Rameen Shamim

Personal information
- Full name: Rameen Shamim
- Born: 19 January 1996 (age 30) Karachi, Pakistan
- Batting: Left-handed
- Bowling: Right-arm off break
- Role: Bowler

International information
- National side: Pakistan;
- ODI debut (cap 82): 9 December 2019 v England
- Last ODI: 12 July 2021 v West Indies
- ODI shirt no.: 15
- T20I debut (cap 44): 18 May 2019 v South Africa
- Last T20I: 23 May 2019 v South Africa

Domestic team information
- 2011/12–2014: Karachi
- 2012/13: Sindh
- 2014: Omar Associates
- 2015–2016: Saif Sports Saga
- 2017: Karachi

Career statistics
| Competition | WODI | WT20I | WLA | WT20 |
| Matches | 3 | 4 | 52 | 41 |
| Runs scored | 25 | – | 450 | 141 |
| Batting average | 25.00 | – | 14.06 | 17.62 |
| 100s/50s | 0/0 | – | 0/0 | 0/0 |
| Top score | 25* | – | 39* | 21* |
| Balls bowled | 111 | 79 | 2,388 | 895 |
| Wickets | 3 | 1 | 62 | 28 |
| Bowling average | 43.00 | 95.00 | 21.25 | 28.71 |
| 5 wickets in innings | 0 | 0 | 0 | 0 |
| 10 wickets in match | 0 | 0 | 0 | 0 |
| Best bowling | 3/61 | 1/20 | 4/12 | 2/10 |
| Catches/stumpings | 0/– | 2/– | 16/– | 8/– |
- Source: CricketArchive, 6 January 2022

= Rameen Shamim =

Pakistani cricketer

Rameen Shamim (born 19 January 1996) is a Pakistani cricketer who plays as a right-arm off break bowler for Pakistan.
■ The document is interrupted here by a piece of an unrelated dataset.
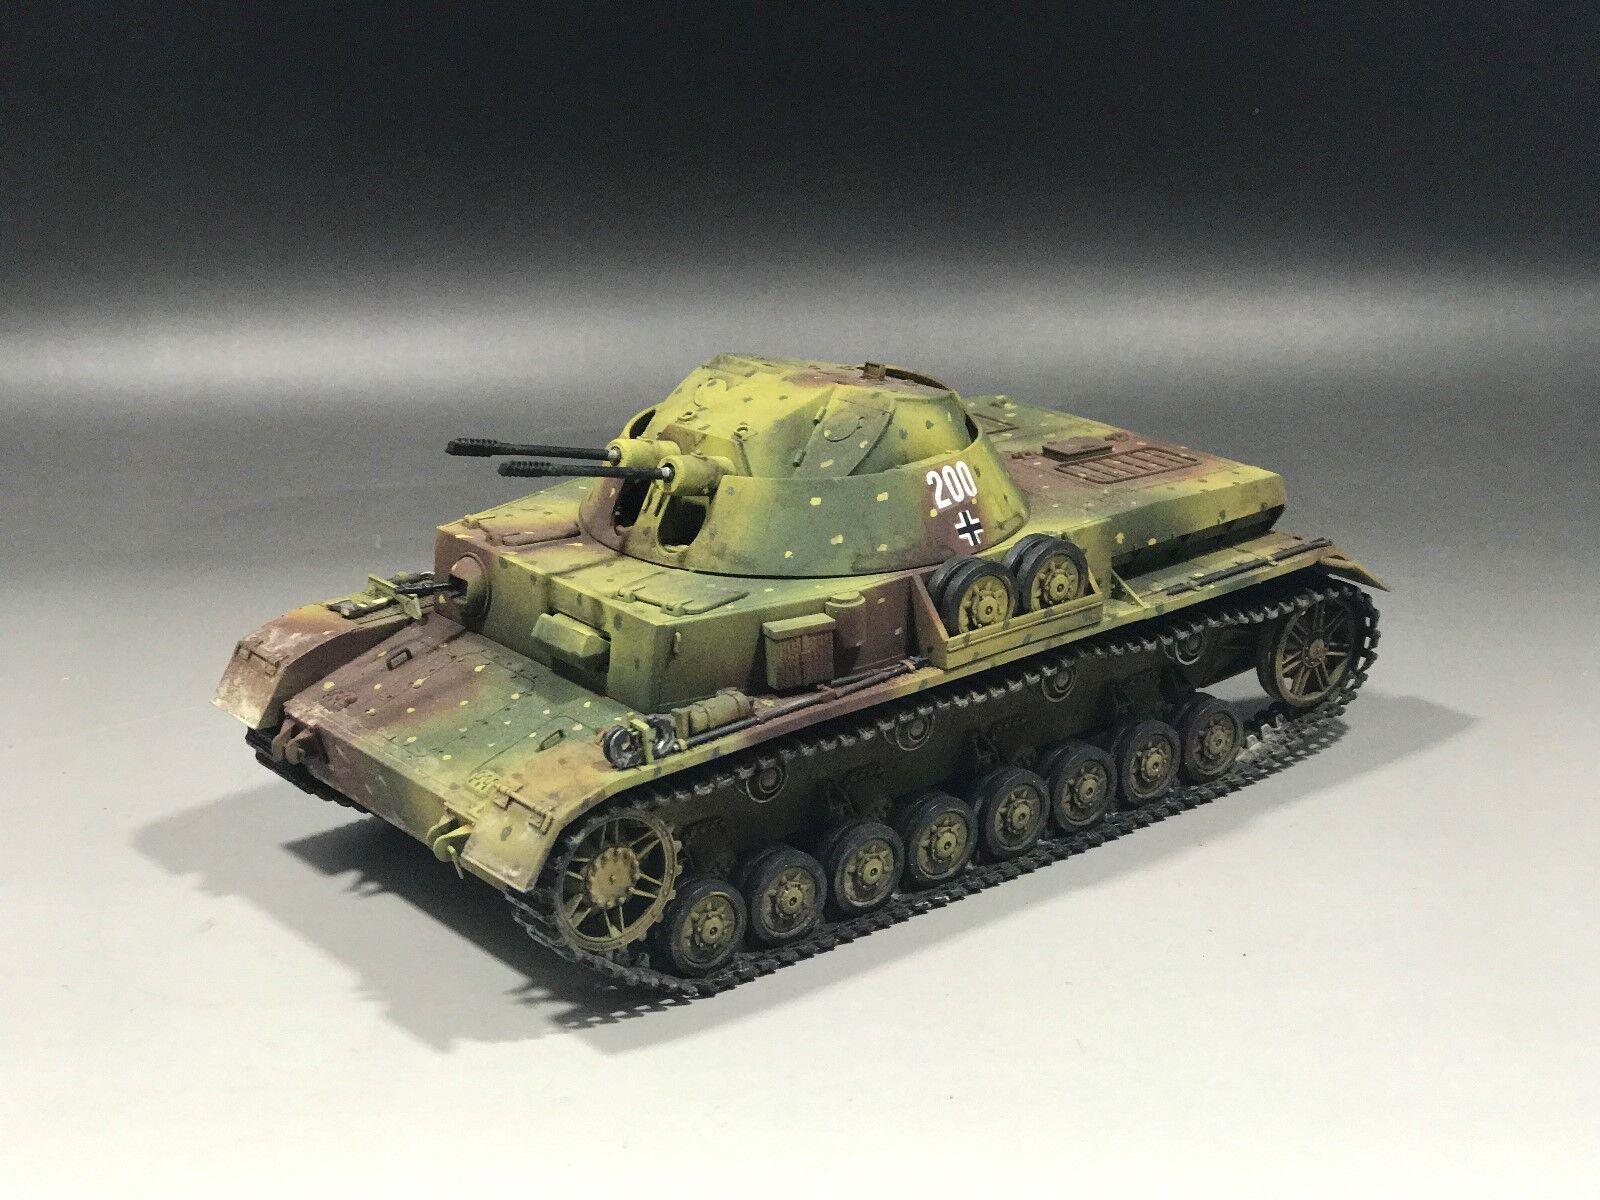 1/35 construido alemán Flakpanzer IV (3 cm) Kugelblitz

Shamim, who bats left-handed, has played domestic cricket for Karachi, Sindh, Omar Associates and Saif Sports Saga. In April 2019, she was named in Pakistan's squad for their series against South Africa. She made her Women's Twenty20 International (WT20I) debut for Pakistan against South Africa on 18 May 2019. In November 2019, she was named in Pakistan's squad for their series against England in Malaysia. She made her Women's One Day International (WODI) debut, also against England, on 9 December 2019.
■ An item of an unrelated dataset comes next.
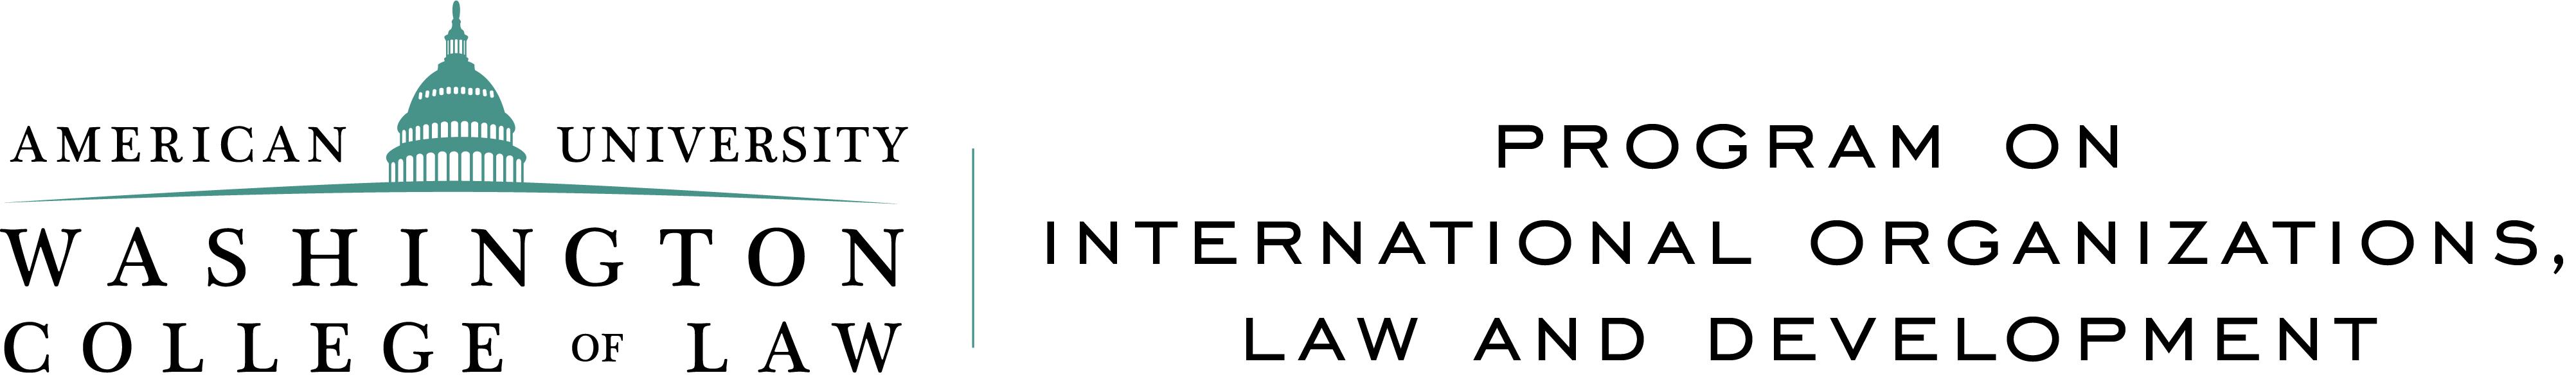 Washington college of law

In June 2021, Shamim was named as the captain of Pakistan women's A Team for their one-day matches against the West Indies. In October 2021, she was named in Pakistan's team for the 2021 Women's Cricket World Cup Qualifier tournament in Zimbabwe.

Shamim was part of the Pakistan squad for the 2025 Women's Cricket World Cup Qualifier at home in April 2025.